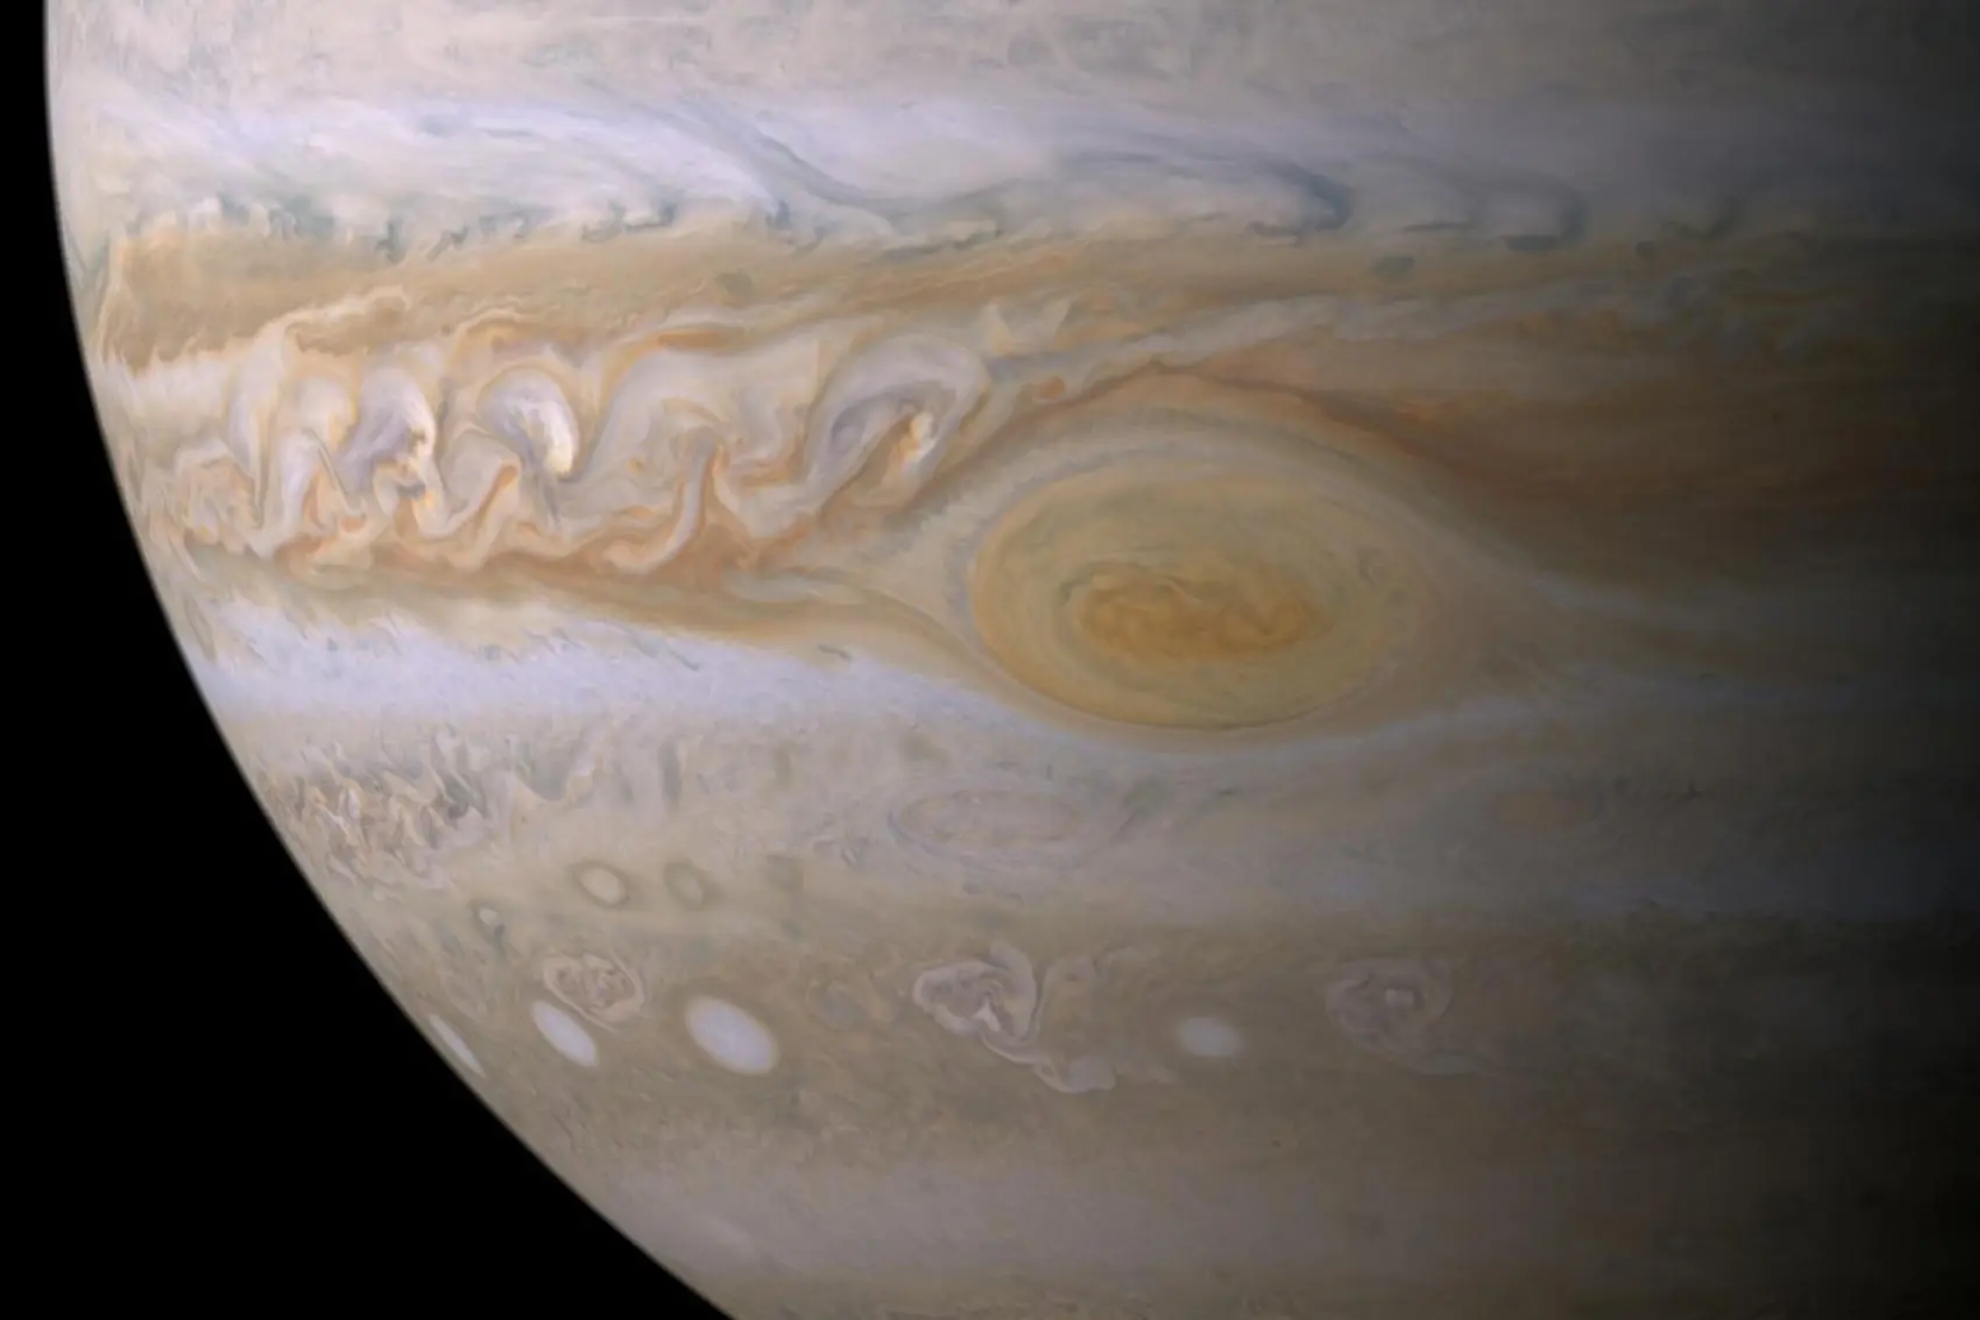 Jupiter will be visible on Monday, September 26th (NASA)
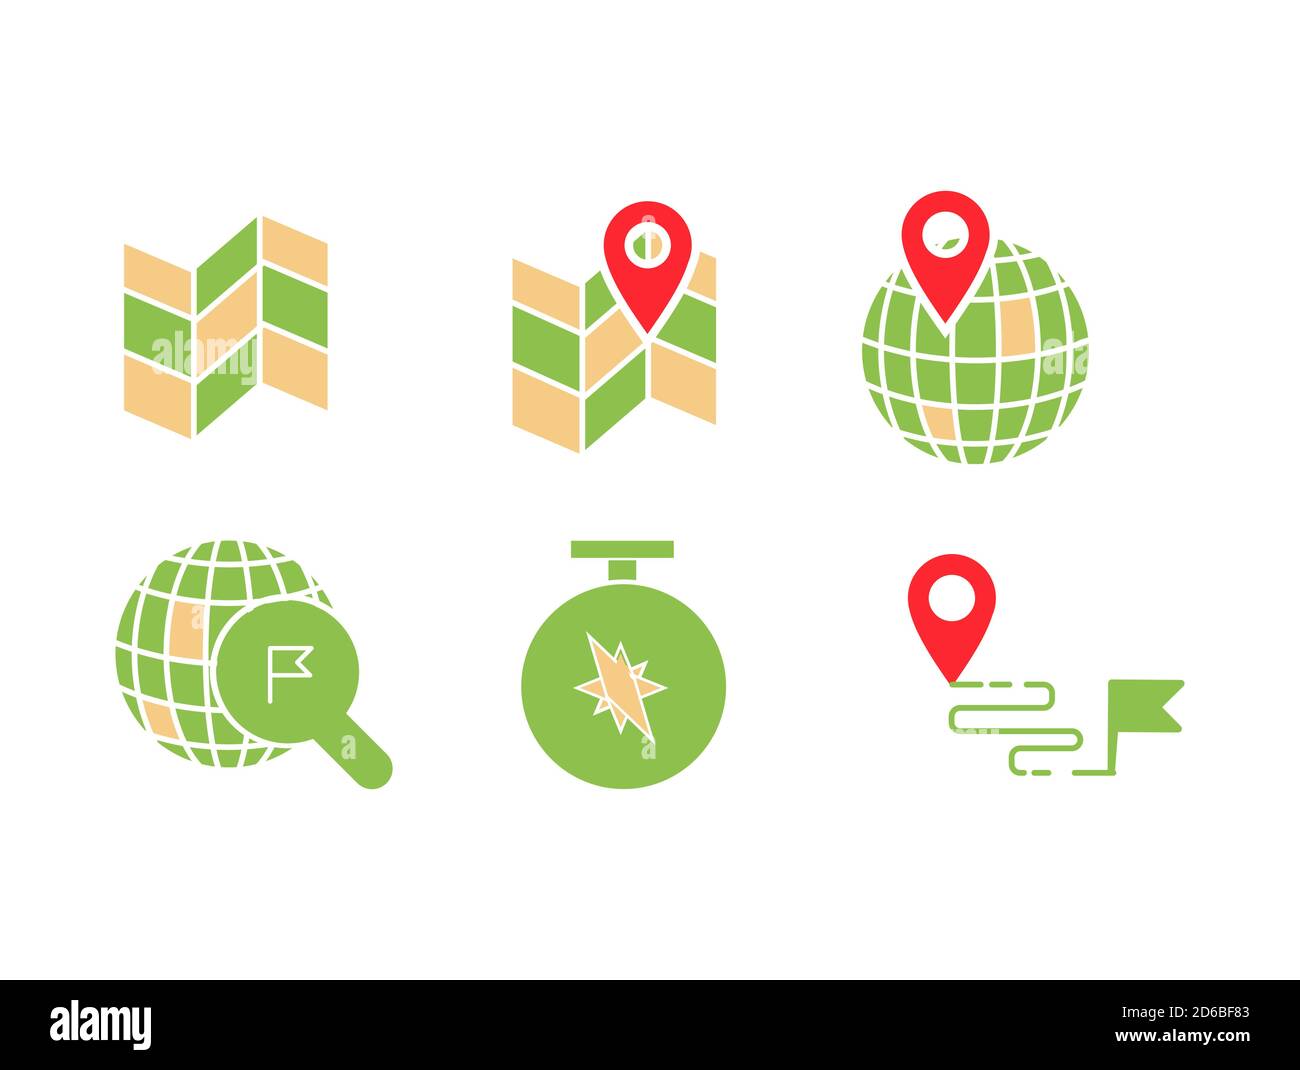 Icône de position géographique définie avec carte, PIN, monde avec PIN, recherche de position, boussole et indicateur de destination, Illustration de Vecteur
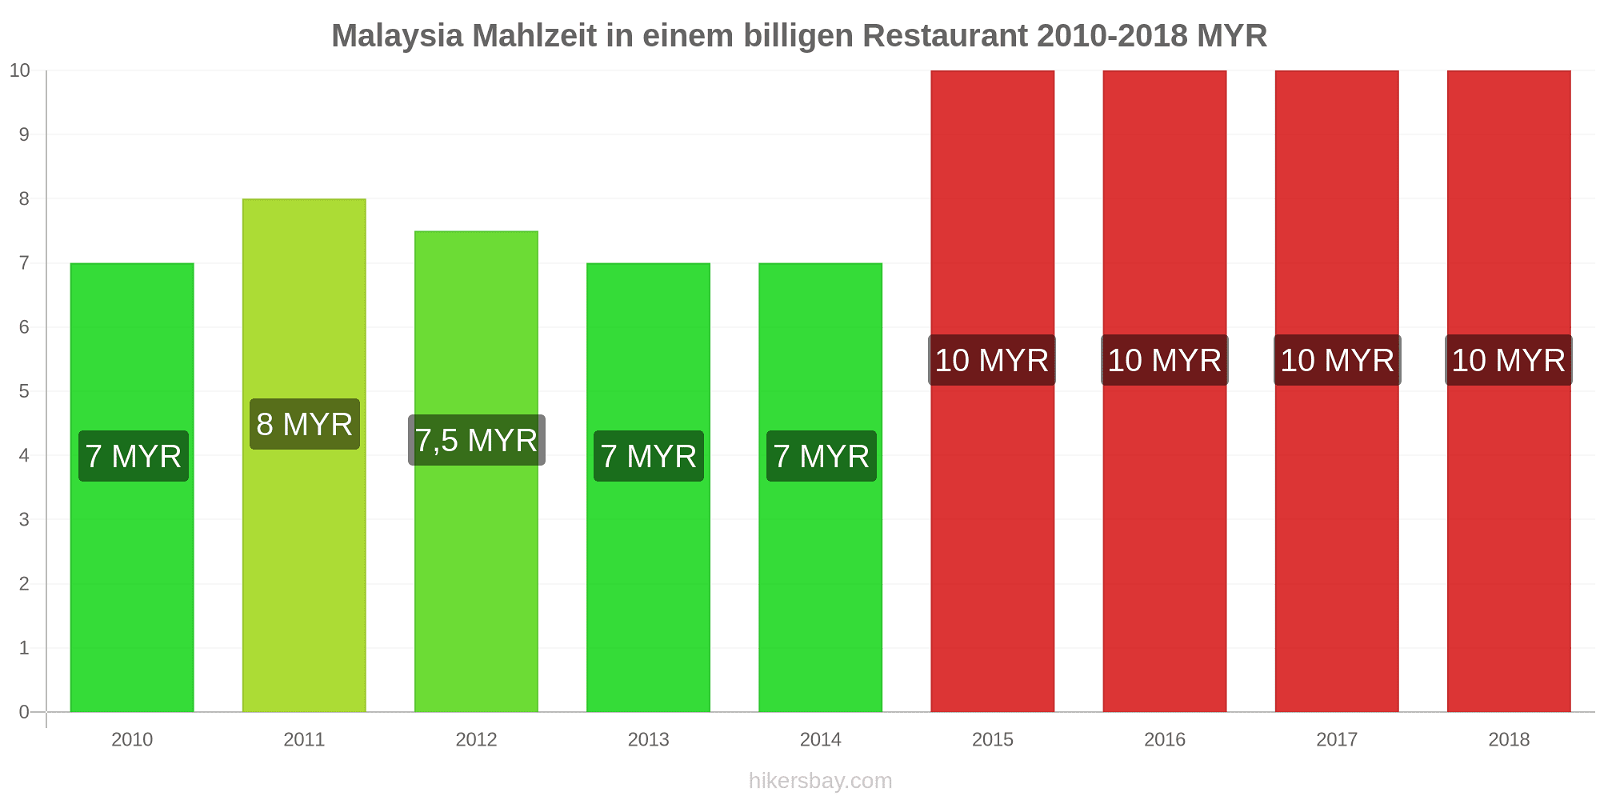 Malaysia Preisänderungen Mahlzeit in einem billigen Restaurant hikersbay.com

### Task statement:
The job is to return the listing above exactly, minus its pictures.

### Task response:
 Jupiter will be visible on Monday, September 26th (NASA)
 Icône de position géographique définie avec carte, PIN, monde avec PIN, recherche de position, boussole et indicateur de destination, Illustration de Vecteur
 Malaysia Preisänderungen Mahlzeit in einem billigen Restaurant hikersbay.com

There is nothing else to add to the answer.